A fundação do SPI foi um marco como a primeira política laica de Estado para as populações indígenas, tinha uma lógica protecionista, ainda que dentro do discurso civilizador, de que os índios deveriam evoluir a partir de seu estado “selvagem”, cabendo ao Estado fornecer garantias de que isso se desse de maneira pacífica. No entanto, a grande pá de cal, que enterrou esse órgão indigenista foram inúmeras denúncias ocorridas ao longo de anos contra os próprios agentes do SPI que eram coniventes, ou eles mesmos praticantes de atos de corrupção. Dentre as práticas ilícitas toleradas ou efetuadas pelo SPI tinham-se desvios de verbas, roubo de insumos naturais das terras indígenas, tomada de territórios, bem como escravidão e até mesmo assassinatos de índios. As denúncias eram bastante graves e montou-se uma Comissão Parlamentar de Inquérito no início da década de 1960 para verificar as denúncias. O procurador de Estado, Jáder Figueiredo Correia realizou uma devassa das contas, bem como realizou visitas aos Postos Indígenas controlados pelo SPI. O chamado “Relatório Figueiredo” foi divulgado em 1967 e contém inúmeras denúncias de torturas, condições de trabalho análogas à escravidão e assassinatos de índios.
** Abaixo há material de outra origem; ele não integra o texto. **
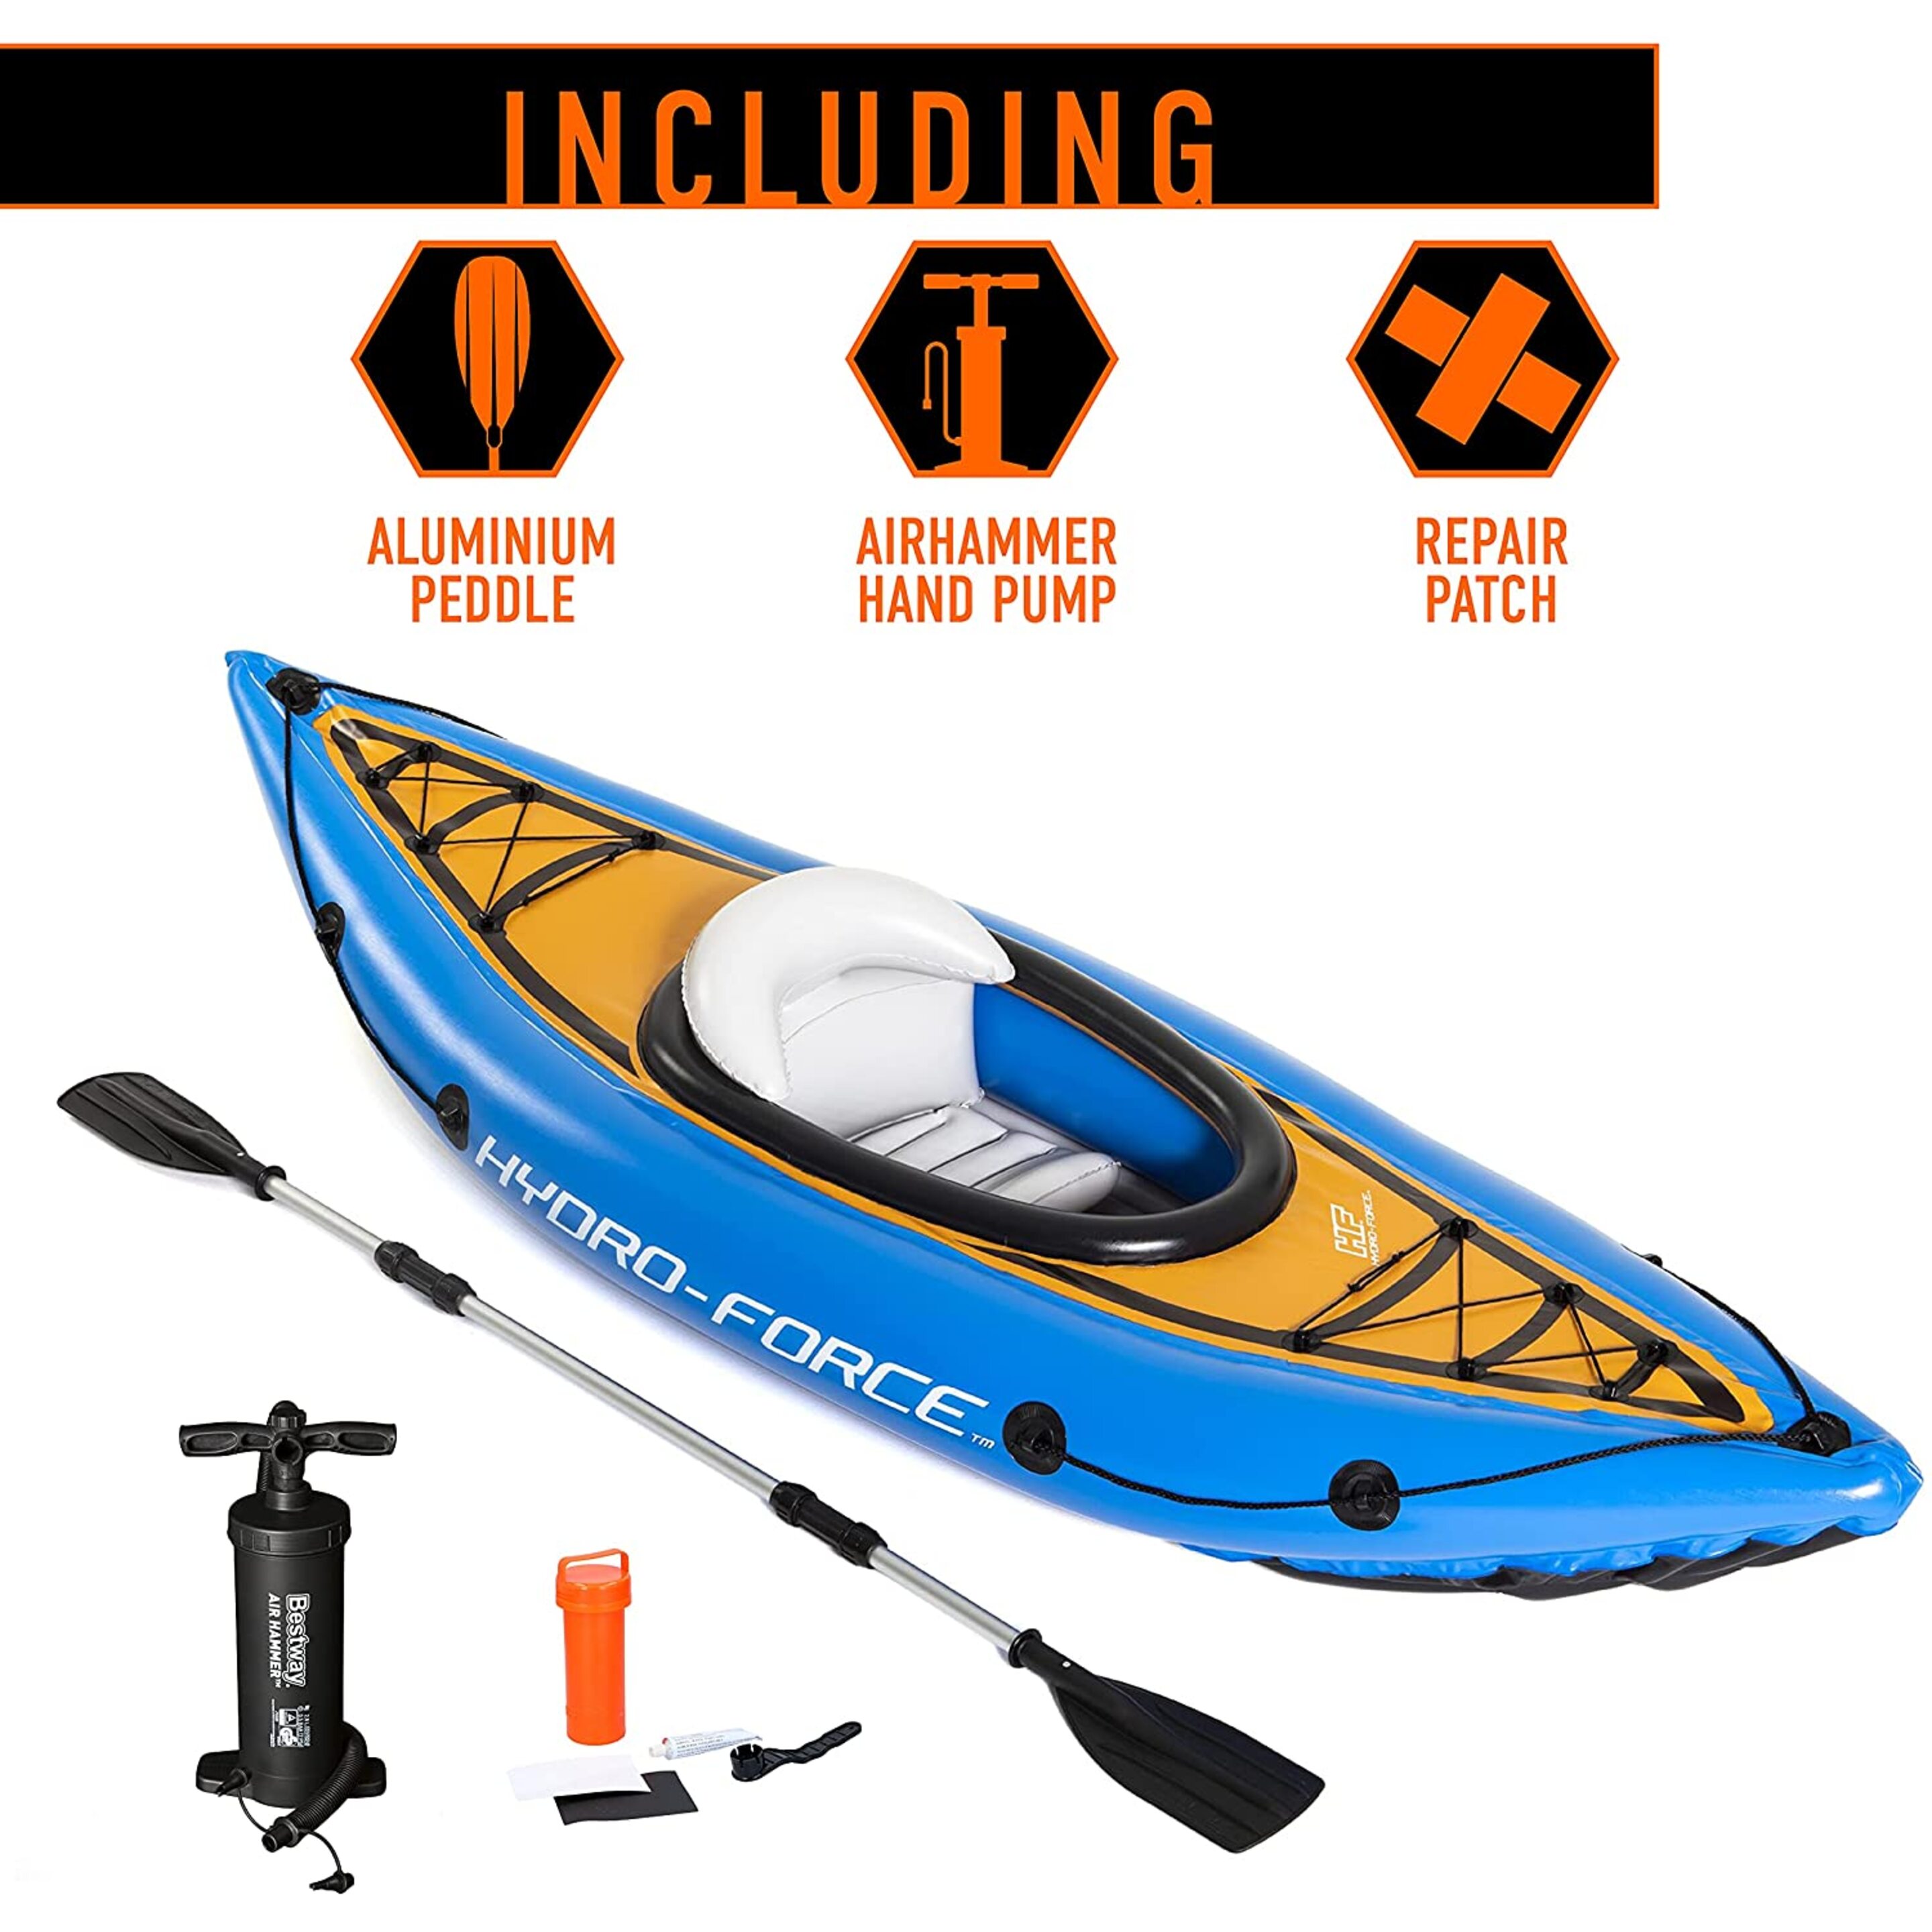 Bestway Kayak Hinchable Hydro Force Cove Champion  - Azul - Kayak individual  MKP
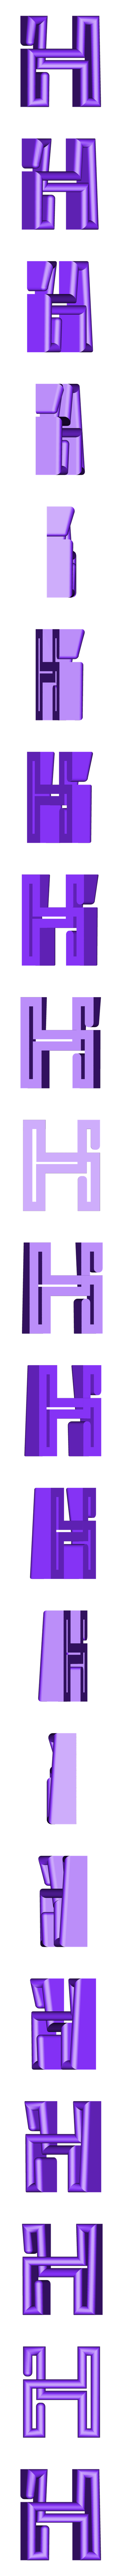 H.stl Download free STL file Alphabet "36 Days of Type" • 3D printable model, dukedoks

Embora a repercussão do caso tenha resultado na extinção do SPI, e ato contínuo, na criação da Fundação Nacional para o Índio (FUNAI), o Relatório foi dado como desaparecido num incêndio na década de 1970. No entanto, uma cópia do mesmo foi descoberta recentemente por pesquisadores do Museu do Índio e hoje é possível consultar as cerca de 7 mil páginas, que estão disponíveis online.

Através das mobilizações dos grupos indígenas, de estudiosos e políticos, os direitos indígenas foram assegurados na Constituição da República Federativa do Brasil de 1988. Dentre esses direitos, o de ser índio, tendo seus conhecimentos tradicionais protegidos pelo Estado, a garantia que os índios tenham os mesmos direitos que os demais cidadãos, bem como a demarcação de terras indígenas, de posse e usufruto exclusivo de cada uma das comunidades indígenas ali reconhecidas. No entanto, assim com os demais cidadãos, os índios estão sujeitos às violações dos direitos humanos e a serem mantidos em condições de trabalho análogas à escravidão nos dias de hoje. Além de aliciados e sujeitos aos maus tratos pelos exploradores, também acabam vítimas de discriminação e racismo nesse tipo de ambiente de trabalho, ao conviver com outros brasileiros, sem nenhuma salvaguarda legal e respeito à diversidade cultural que representam. De todo modo, os marcos legais estão postos e a luta atual é pela manutenção dos mesmos e pelo seu efetivo cumprimento.